Zhang: During the research and development of our antibody therapy, we started by inhibiting multi-targets of the virus because we knew from the beginning that the virus had the potential to mutate.
When we selected the antibodies, we picked two from a total of 206 candidates. Each antibody is unique. Selecting outstanding antibodies from hundreds, even thousands of antibodies, is just like selecting the best talents from a crowd of people.
The selection standard was quite high. First, the antibodies needed to be able to identify the different locations where the virus unlocks human cells. Then, the two selected types of antibodies needed to be complementary in preventing the virus from replicating. Compared with similar antibody therapies developed in foreign countries, our drug is more active, better at resisting virus mutations and can maintain activity in human bodies longer.

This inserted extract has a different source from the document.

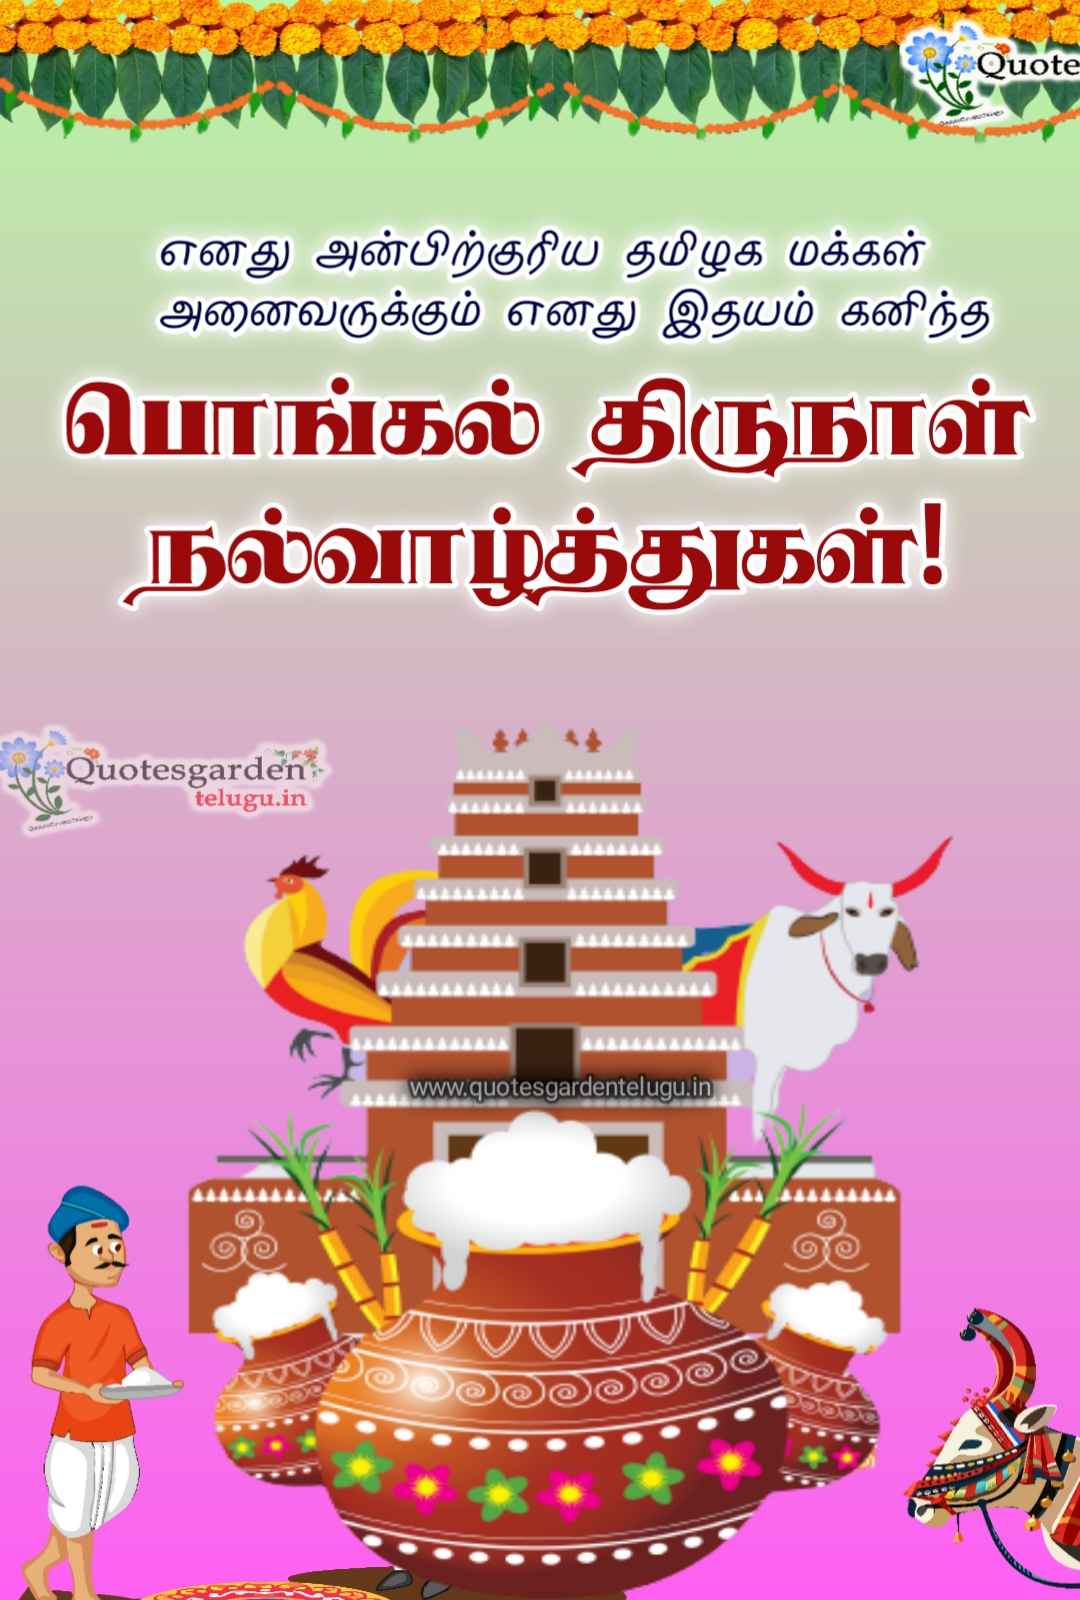 Pongal greetgs wishes images tamil quotes wallpapers quotes garden telugu telugu quotes english quotes hdi quotes

Q: Can you explain how this antibody therapy works?
Zhang: When a virus infects a cell, it relies on an important type of protein: the spike proteins on its surface. The spike protein serves as a key to unlock a cell. If a virus cannot enter a cell, it will be eliminated immediately.
The job of our antibodies is to block the virus from entering cells. So its target is very precise. In addition, thanks to the coordination between the two antibodies, it is highly efficient and durable in inhibiting the virus and covers a broad spectrum of mutations.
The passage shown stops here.